2. Calculate the average number of comments ask posts receive by hour created.

In [16]:
import datetime as dt

result_list= list() #list of list

for row in ask_posts:
    result= list()
    created_at= row[6]
    result.append(created_at)
    no_comment= int(row[4])
    result.append(no_comment)
    result_list.append(result)
    
counts_by_hour= dict()
comments_by_hour= dict()

for row in result_list:
    date= row[0]
    dateObj= dt.datetime.strptime(date,"%m/%d/%Y %H:%M") 
    hour= dateObj.strftime("%H")
    if hour not in counts_by_hour:
        counts_by_hour[hour] =1
        comments_by_hour[hour] =no_comment
    else:
        counts_by_hour[hour] += 1
        comments_by_hour[hour] += no_comment
         
print(counts_by_hour)
print(comments_by_hour)

{'09': 45, '13': 85, '10': 59, '14': 107, '16': 108, '23': 68, '12': 73, '17': 100, '15': 116, '21': 109, '20': 80, '02': 58, '18': 109, '03': 54, '05': 46, '19': 110, '01': 60, '22': 71, '08': 48, '04': 47, '00': 55, '06': 44, '07': 34, '11': 58}
{'09': 90, '13': 170, '10': 118, '14': 214, '16': 216, '23': 136, '12': 146, '17': 200, '15': 232, '21': 218, '20': 160, '02': 116, '18': 218, '03': 108, '05': 92, '19': 220, '01': 120, '22': 142, '08': 96, '04': 94, '00': 110, '06': 88, '07': 68, '11': 116}


#### Calculating the Average Number of Comments for Ask HN Posts by Hour

In [17]:
 len(comments_by_hour)

24

In [12]:
avg_by_hour= list()

for hour in comments_by_hour:      
    avg_by_hour.append([hour, float(comments_by_hour[hour]/
                        len(comments_by_hour))])
avg_by_hour[:3]

[['09', 3.75], ['13', 7.083333333333333], ['10', 4.916666666666667]]

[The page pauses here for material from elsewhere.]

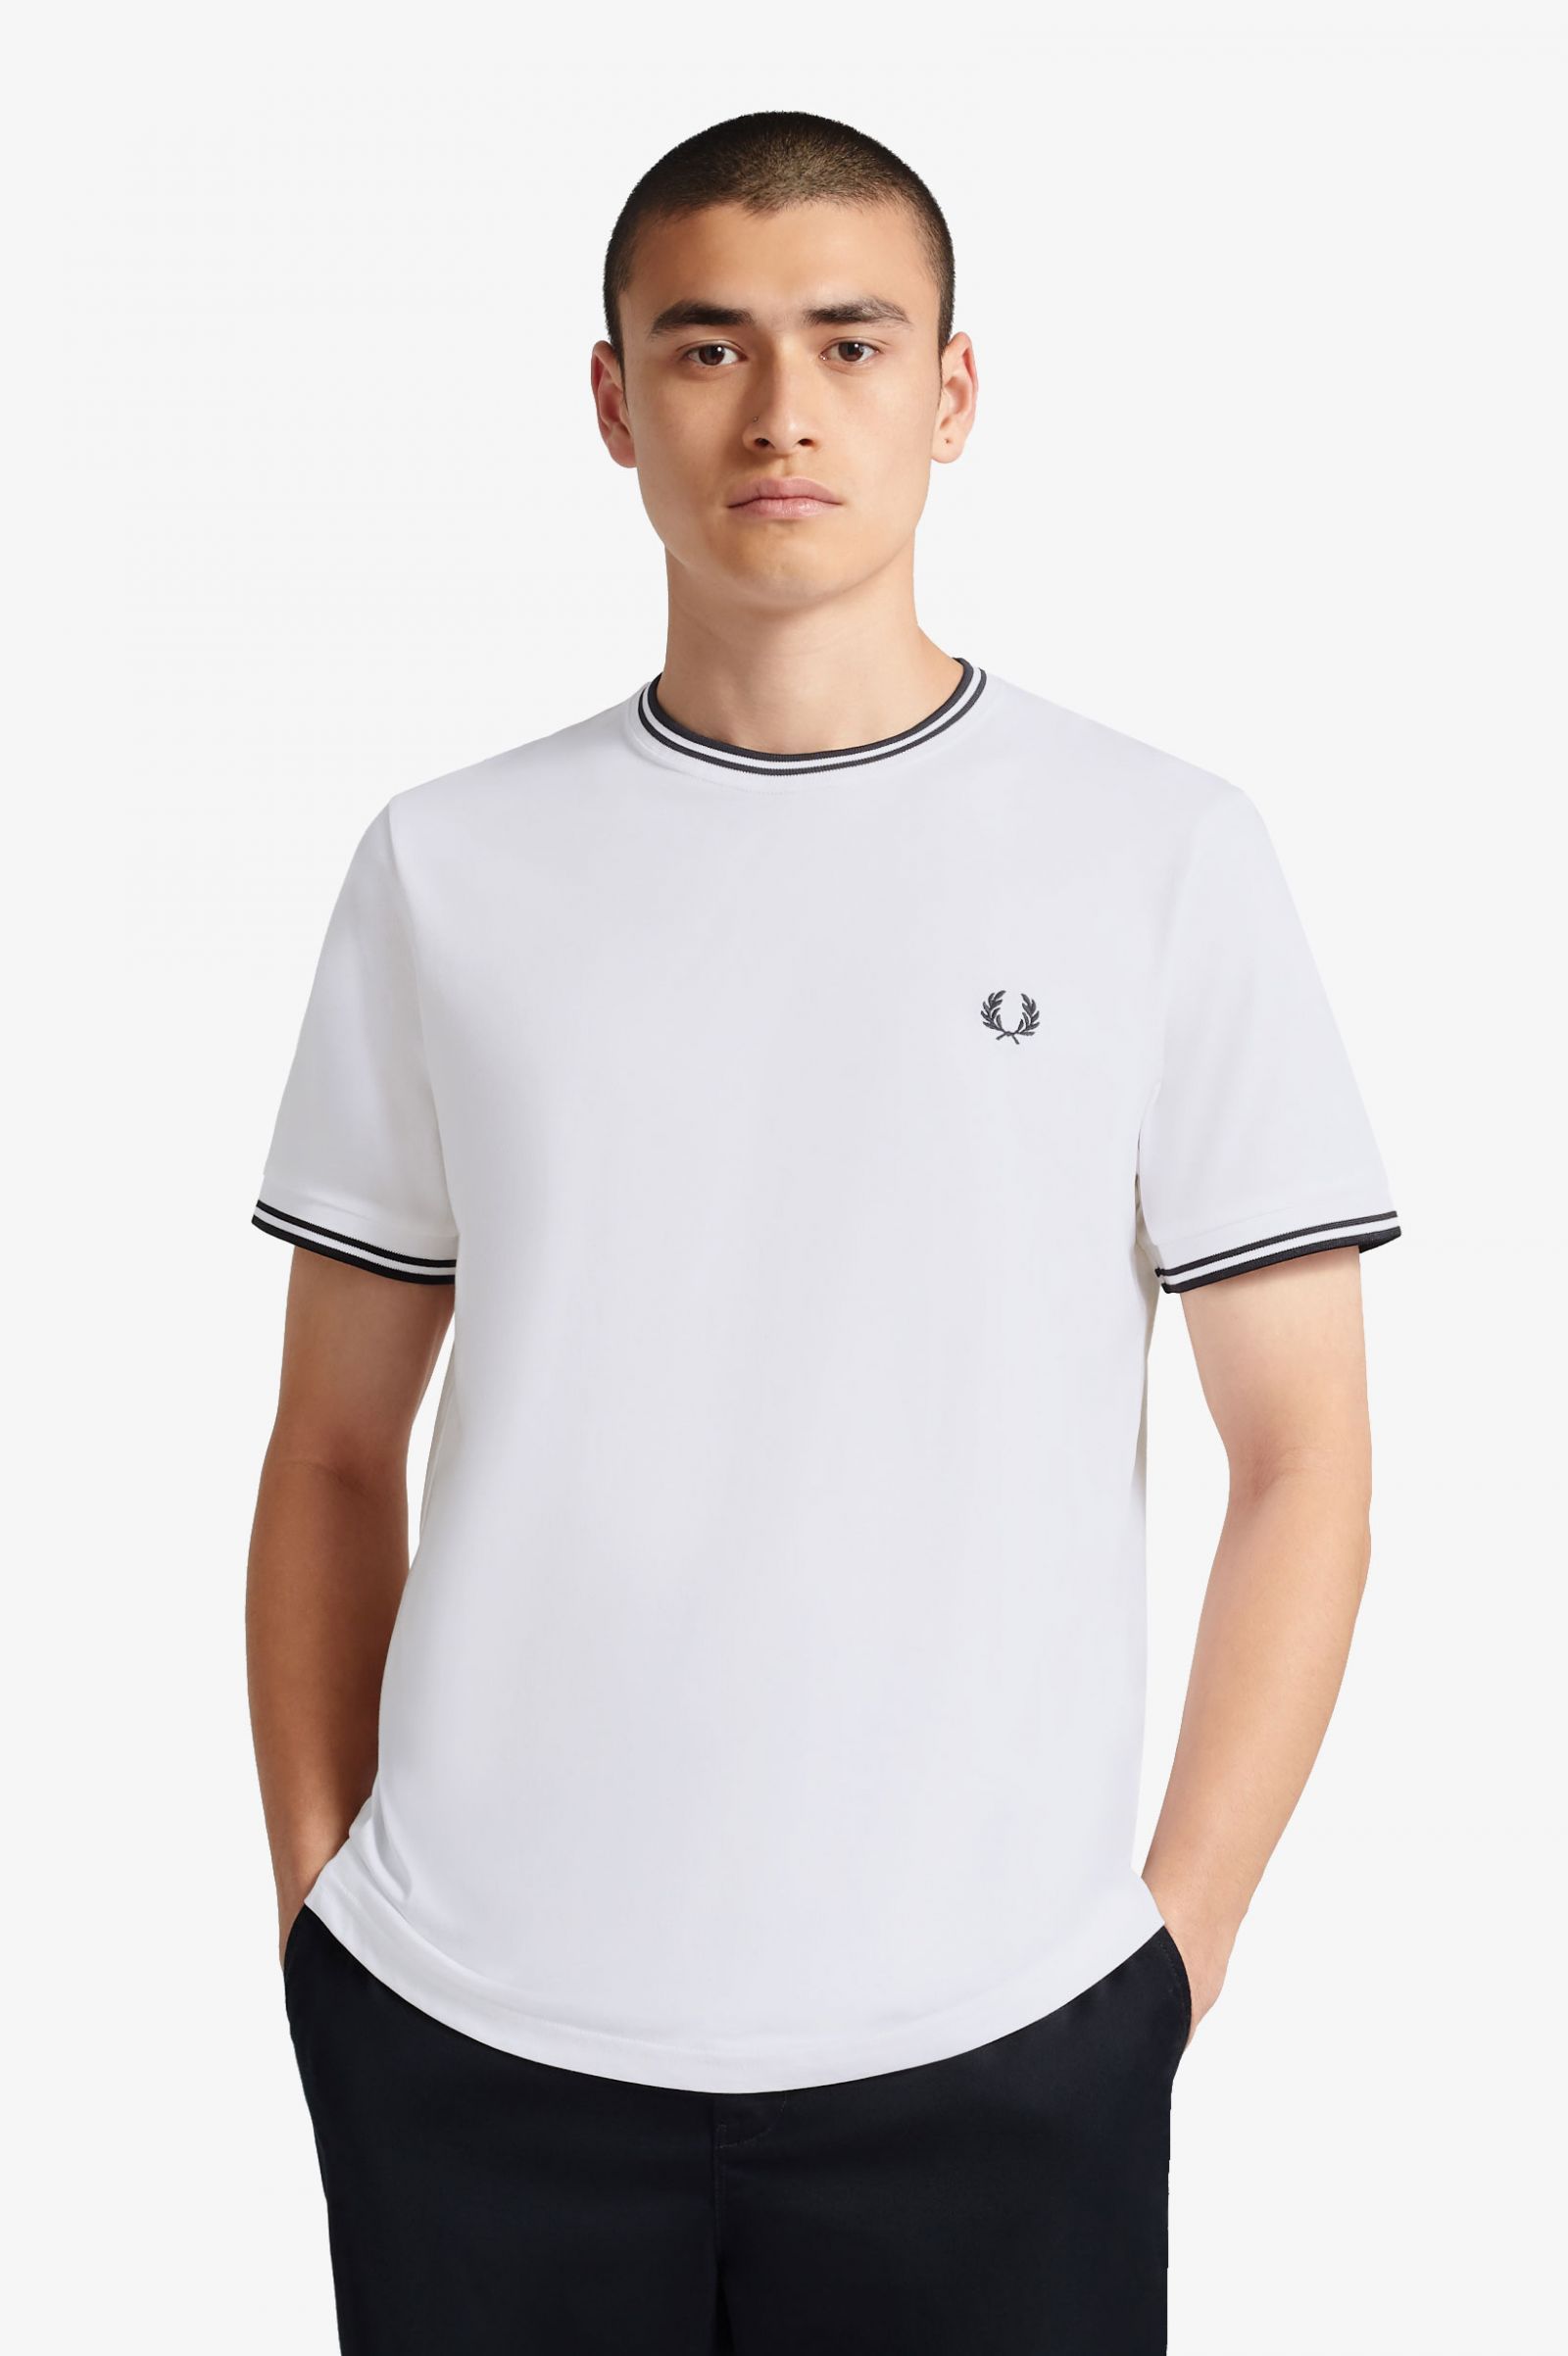 CAMISETA FRED PERRY TWIN TIPPED BRANCA

#### Sorting and Printing Values from a List of Lists

In [18]:
swap_avg_by_hour= list()

for row in avg_by_hour:
    swap_avg_by_hour.append([row[1],row[0]])
    
print(swap_avg_by_hour[:5])

[[3.75, '09'], [7.083333333333333, '13'], [4.916666666666667, '10'], [8.916666666666666, '14'], [9.0, '16']]


In [19]:
sorted_swap= sorted(swap_avg_by_hour,reverse= True)
print('Top 5 Hours for Ask Posts Comments: ',sorted_swap[:5])

Top 5 Hours for Ask Posts Comments:  [[9.666666666666666, '15'], [9.166666666666666, '19'], [9.083333333333334, '21'], [9.083333333333334, '18'], [9.0, '16']]


In [22]:
for row in sorted_swap[:5]:
    hour=row[1]
    hour= dt.datetime.strptime(hour,"%H")
    hour=hour.strftime("%I:%M")
    avg=row[0]
    print("{h}: hour has {a:.2f} average comments per post".format(h=hour ,a= avg))    
    

03:00: hour has 9.67 average comments per post
07:00: hour has 9.17 average comments per post
09:00: hour has 9.08 average comments per post
06:00: hour has 9.08 average comments per post
04:00: hour has 9.00 average comments per post


#### As per my findings we should create post during 03:00 pm to receive the highest number of comments.